O que você faria?

Veja a pergunta que Ricardo Kotscho fez a Caio Túlio Costa, em entrevista publicada no Último Segundo.

Vou contar um caso concreto que aconteceu comigo lá na “Folha”. Um professor de escola pública no Embu telefonou, dizendo que os alunos estavam dormindo na sala de aula. Ele estranhou aquilo e descobriu que as crianças trabalhavam numa olaria de madrugada, um trabalho insalubre. Eu fui lá, chequei e realmente tudo era verdade. Fui falar com o dono da olaria. Ninguém tinha registro, as famílias ganhavam por produção. Por isso, os pais botavam as crianças para trabalhar, e moravam de graça.

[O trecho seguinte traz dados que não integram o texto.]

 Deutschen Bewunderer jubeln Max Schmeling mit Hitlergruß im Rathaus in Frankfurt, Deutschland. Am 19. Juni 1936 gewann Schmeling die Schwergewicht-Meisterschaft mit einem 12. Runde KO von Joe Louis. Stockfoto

O dono da olaria disse: “Eu sei que está errado, não tem registro em carteira, as crianças trabalham, não sou eu que mando, são os pais… Se o senhor publicar essa reportagem vai acontecer o seguinte: vai vir aqui a Delegacia do Trabalho, vai multar a minha olaria, e vou ter que fechar. E vou ter que botar essas pessoas todas na rua”. Eram 10 famílias. Aí eu fiquei com esse negócio na cabeça, e pensei: vou denunciar um negócio desse para defender as crianças e vou ferrar a família inteira. Contei essa história para o meu editor. Eu nunca vou esquecer a resposta dele: “Para com essa frescura! É verdade tudo isso que você me contou? Então senta aí e escreve!”. Eu acabei escrevendo e me arrependo até hoje. O que você faria?

Imagine-se no lugar de Kotscho. O que você faria?

A primeira coisa que me veio à mente foi mandar o editor tomar naquele lugar e pedir demissão. Mas depois li a resposta de Caio Túlio:

Há uma questão moral aí: nós, jornalistas, não somos justiceiros. Acho que muitas vezes a gente se sente como tal. Então o ímpeto do senso comum é dizer: “Olha, eu não vou atrapalhar a vida dessas 10 famílias”. Mas, do ponto de vista do problema moral, o teu dever, Kotscho, era publicar a reportagem. O teu dever enquanto jornalista, porque você viu uma situação de abuso do trabalho infantil, viu uma situação de miséria, de transgressão das leis da cidade, que reflete um problema social, um problema muito maior do que aquele.

Ele tem razão. Mas a vontade de mandar o editor tomar naquele lugar permanece. Conclusão: espero não ter que passar por uma situação dessas.